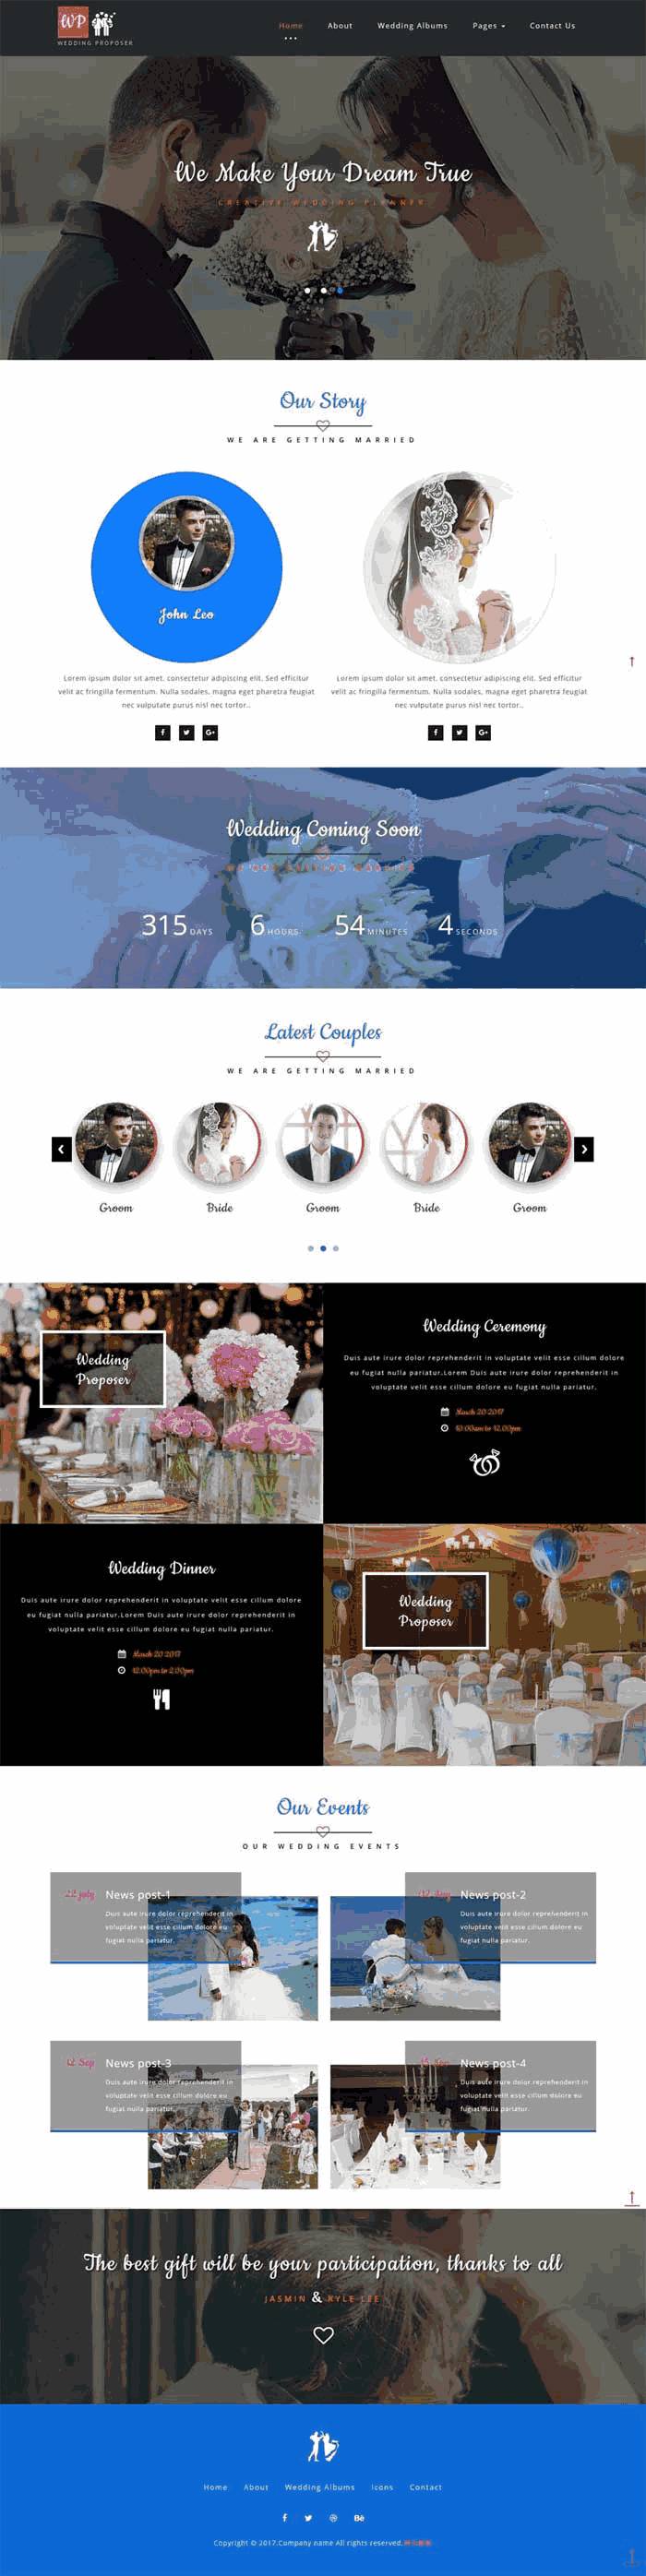 简单大气的婚纱摄影婚庆公司网站制作_网站建设模板演示图
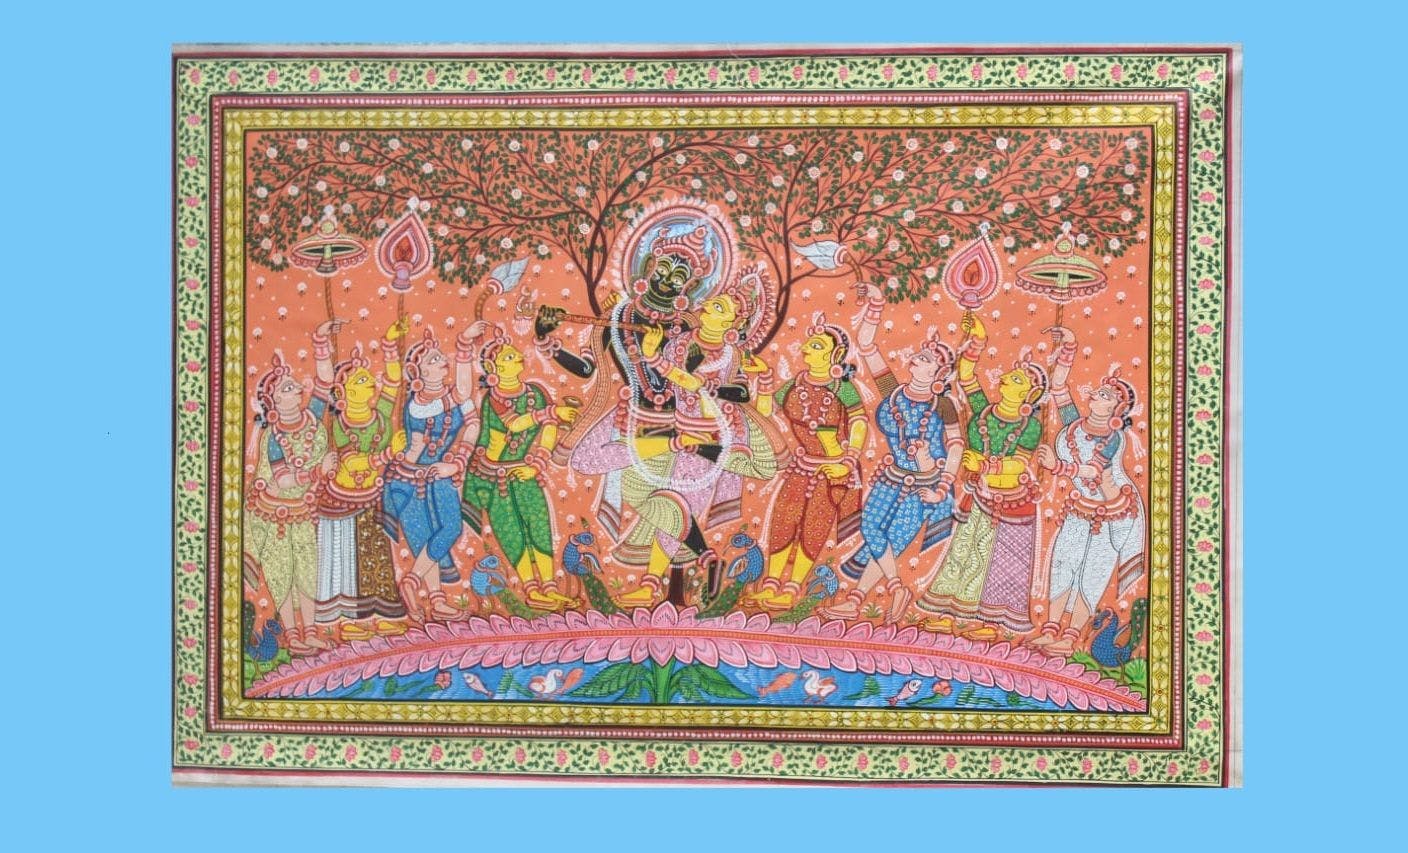 Pattachitra depicting Radha Krishna
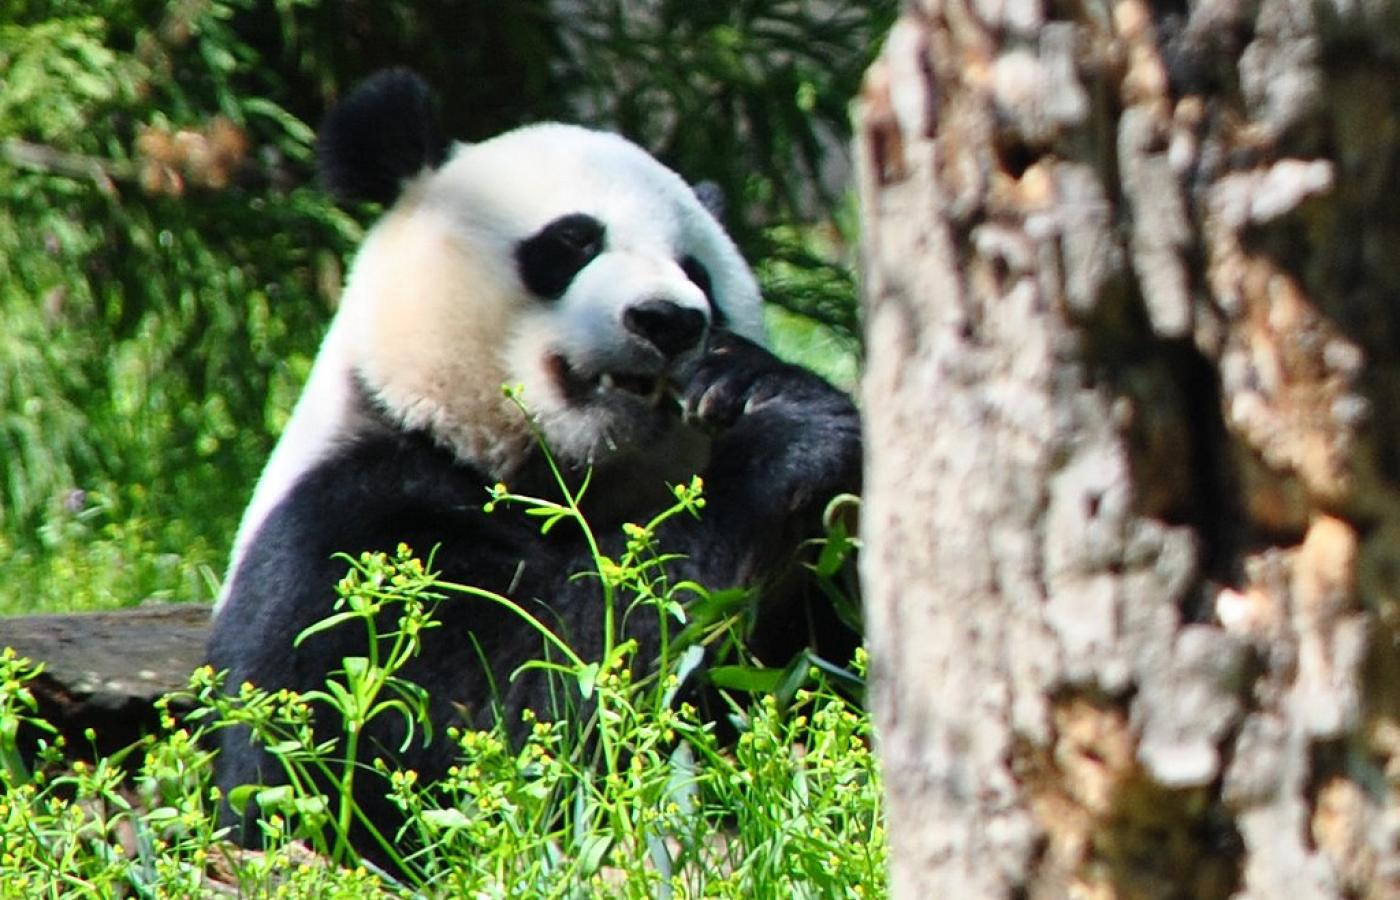 Międzynarodowa Unia Ochrony Przyrody donosi, że w Chinach odnotowano ponad 1800 osobników <b>pandy wielkiej</b> żyjących na wolności. Panda została przeniesiona z kategorii zwierząt „zagrożonych” (endangered), do kategorii „narażonych” (vulnerable). Ekolodzy studzą jednak zapał. Podkreślają, że zmiana oznacza jedynie, iż pandy wciąż mogą wyginąć, ale nie stanie się to tak szybko, jak początkowo sądzono. Niemniej sukces (choćby niewielki) jest. Jeśli nadal będziemy chronić pandy, możemy mieć nadzieję, że gatunek pozostanie na Ziemi przez długi czas.
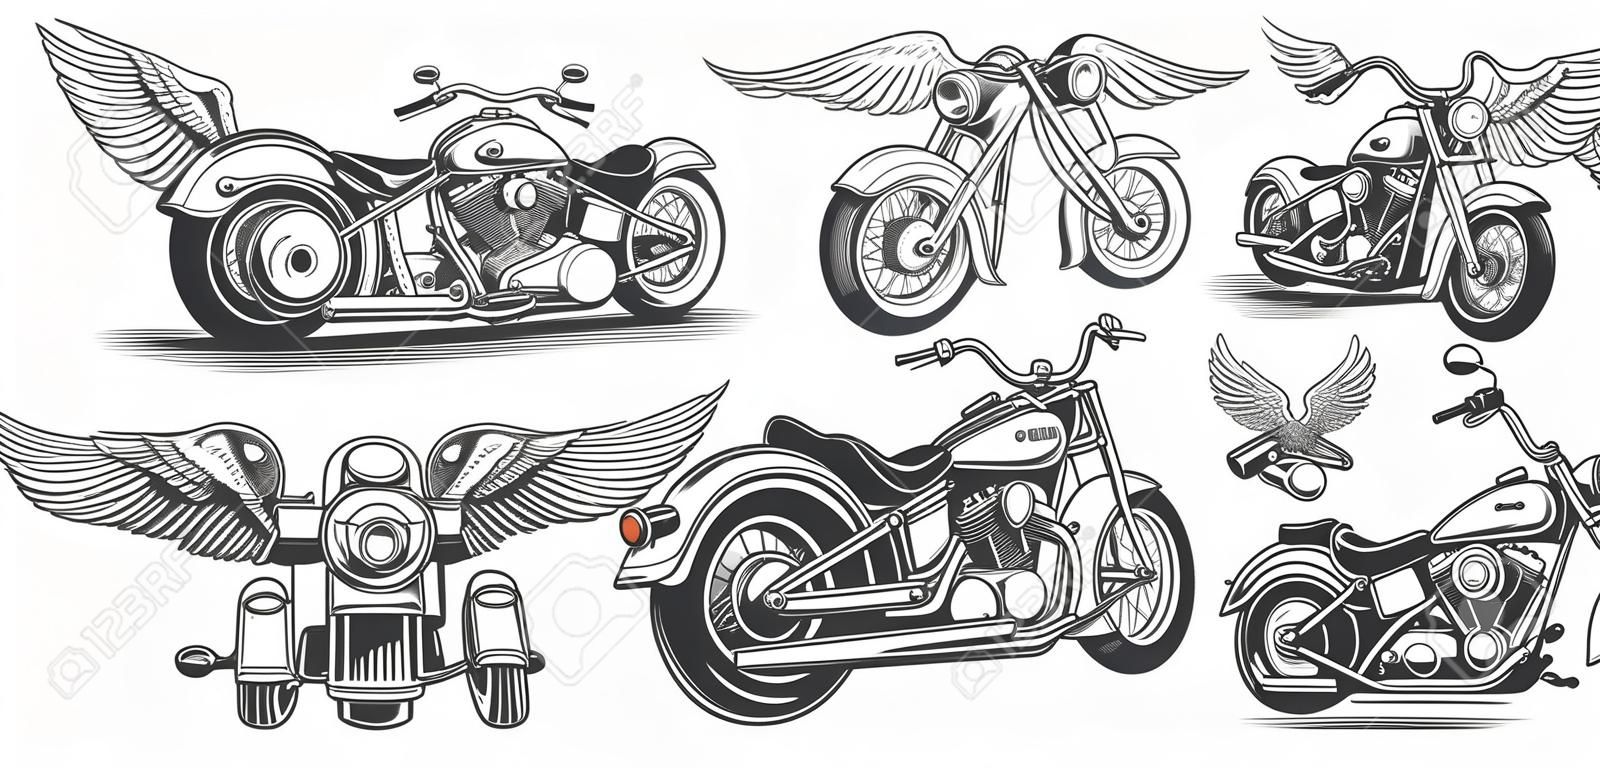 Ensemble d'illustrations, icônes de moto vintage dessinée à la main dans divers angles, crânes, ailes dans le style de la gravure. Classic chopper à l'encre. Impression, gravure, gabarit, élément de conception
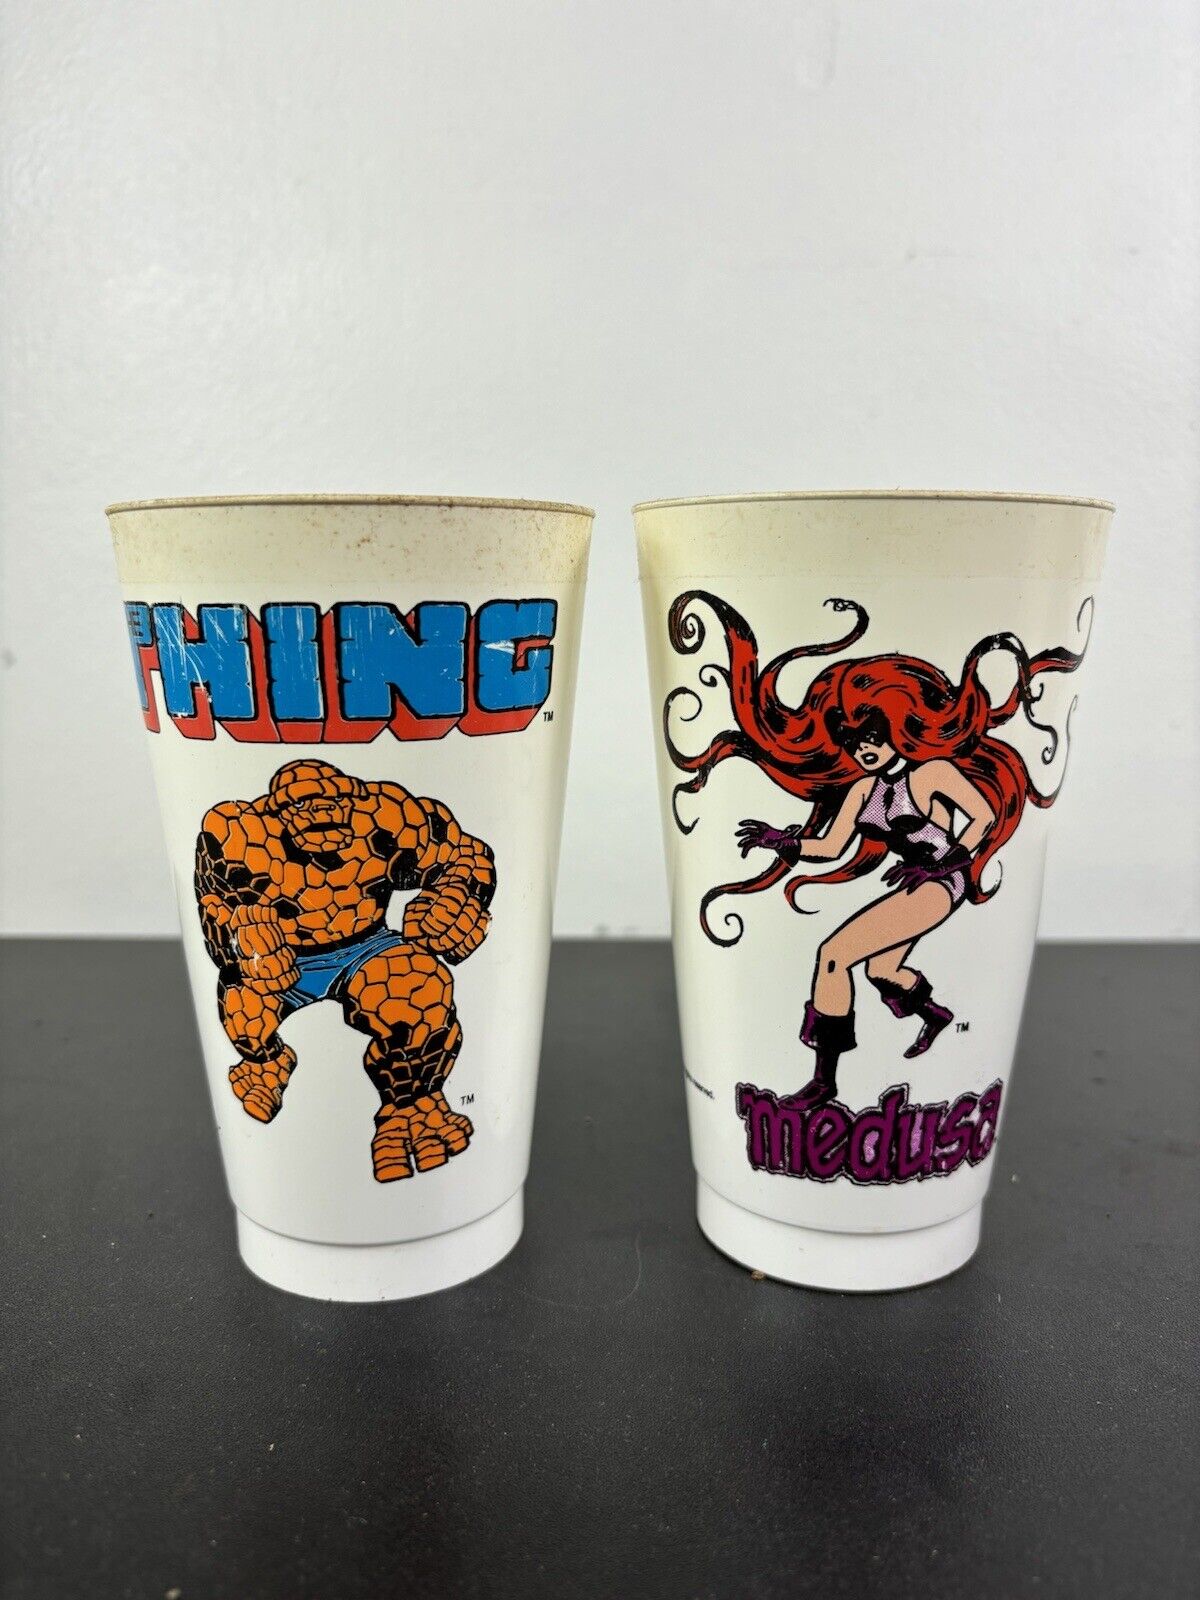 Vintage lot 2 DC MARVEL SLURPEE 7-11 cups The Thing & Medusa 7/11

*-*-*

**Activity:** When the line that holds "Ensemble d'illustrations, icônes" is reached, begin duplicating exactly, and continue through the last line of the listing, skipping the pictures; output nothing else.

**Answer section:**
 Ensemble d'illustrations, icônes de moto vintage dessinée à la main dans divers angles, crânes, ailes dans le style de la gravure. Classic chopper à l'encre. Impression, gravure, gabarit, élément de conception
 Vintage lot 2 DC MARVEL SLURPEE 7-11 cups The Thing & Medusa 7/11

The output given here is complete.